Ernie lay flat on his butt, a flimsy wooden door beneath him. The latticework paneling fronting someone's bedroom had been smashed open. Tattered strips of oiled paper fluttered like the tentacles of a squashed squid.
Ernie shook his head, still dazed, a disoriented look in his eyes. I stretched out my hand to help him to his feet.
'Let me refresh your memory,' I told him. 'You were looking for Hatcher. All hell broke loose and somebody shoved you through that wall.'
Suddenly, Ernie came back to his senses. His head whipped back and forth. 'Come on!'
He sprinted down the hallway and shot down a stairway that emerged onto the alley running behind the Black Cat Club.
Walls made of stone and wood and ancient lumber lined the gloom. Water trickled down the center of a cobbled lane, reeking of human waste. But no sign of Hatcher.
Ernie glanced around, turned completely, and then looked up. I followed his eyes.
Like a huge bird, something floated from the rooftop of the Black Cat Club over to the red brick of the next building.
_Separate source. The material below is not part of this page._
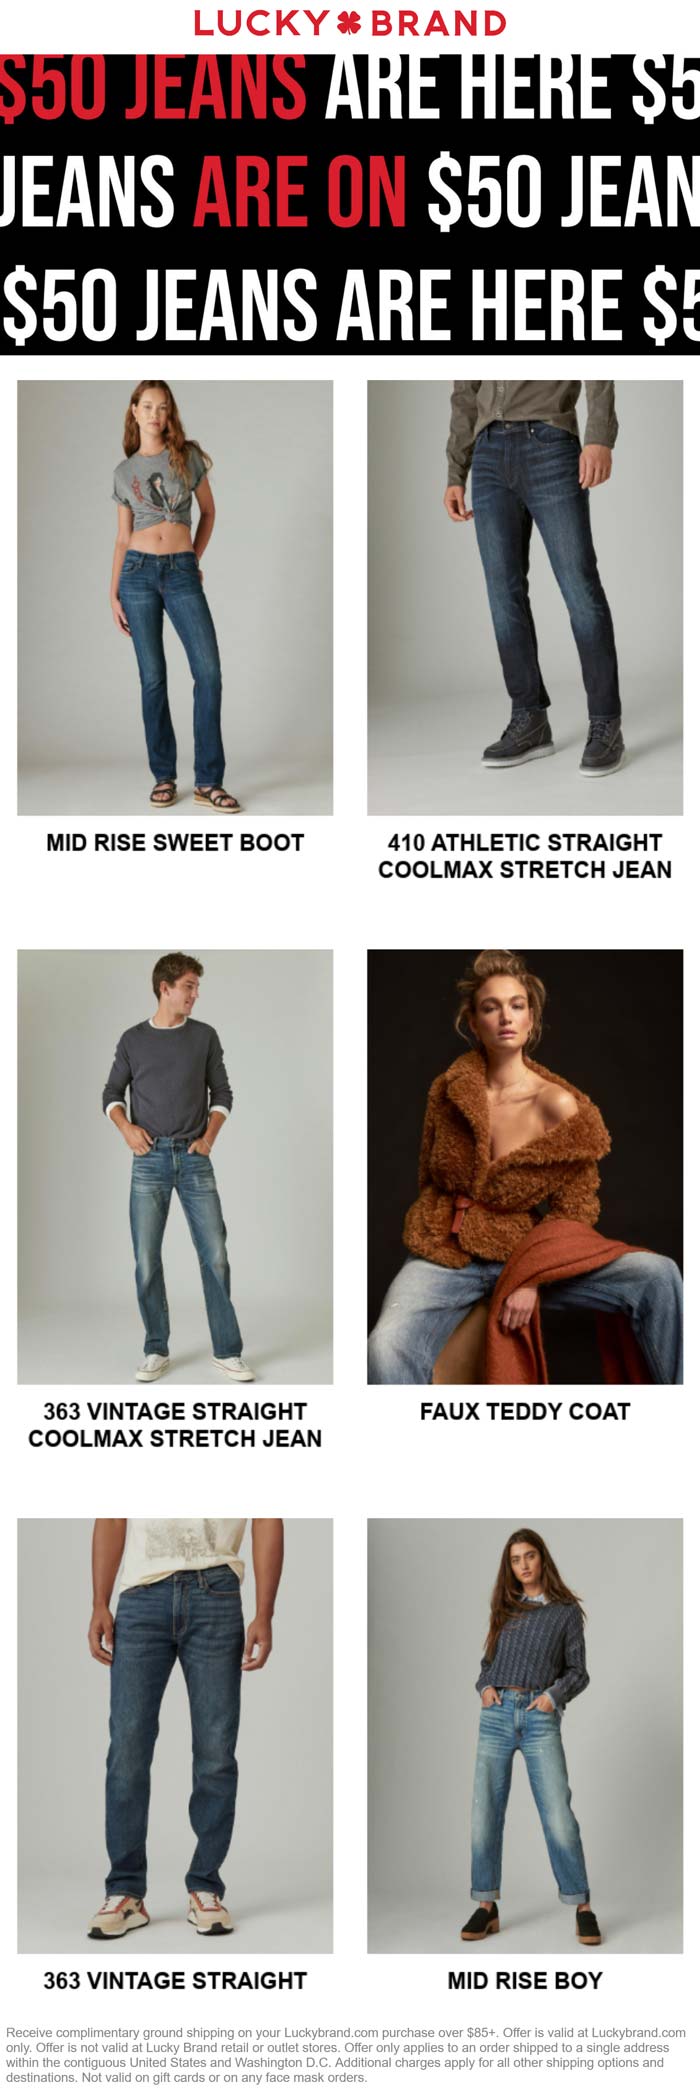 Lucky Brand stores Coupon  Various jeans for $50 going on at Lucky Brand #luckybrand

With a great thump, the raven landed.
'He went upstairs,' Ernie said.
We ran into the back door of the brick building next to the Black Cat Club.
It was a series of hooches. A nightclub downstairs. Broad cement hallways and rooms full of business girls upstairs. One woman wore shorts and a light green T-shirt and was bent over filling a pail of water from a rusty spigot. Ernie almost plowed into her.
'How do we get to the roof?' he shouted.
The girl turned, her face pocked, her eyes wide. 'Mullah gu?' What did you say?
'Shit!' Ernie tore off down the corridor. At the end he found a stairway and charged up, taking three steps at a time. I followed.
The stairway narrowed and ended at a wooden door. Ernie kicked it open.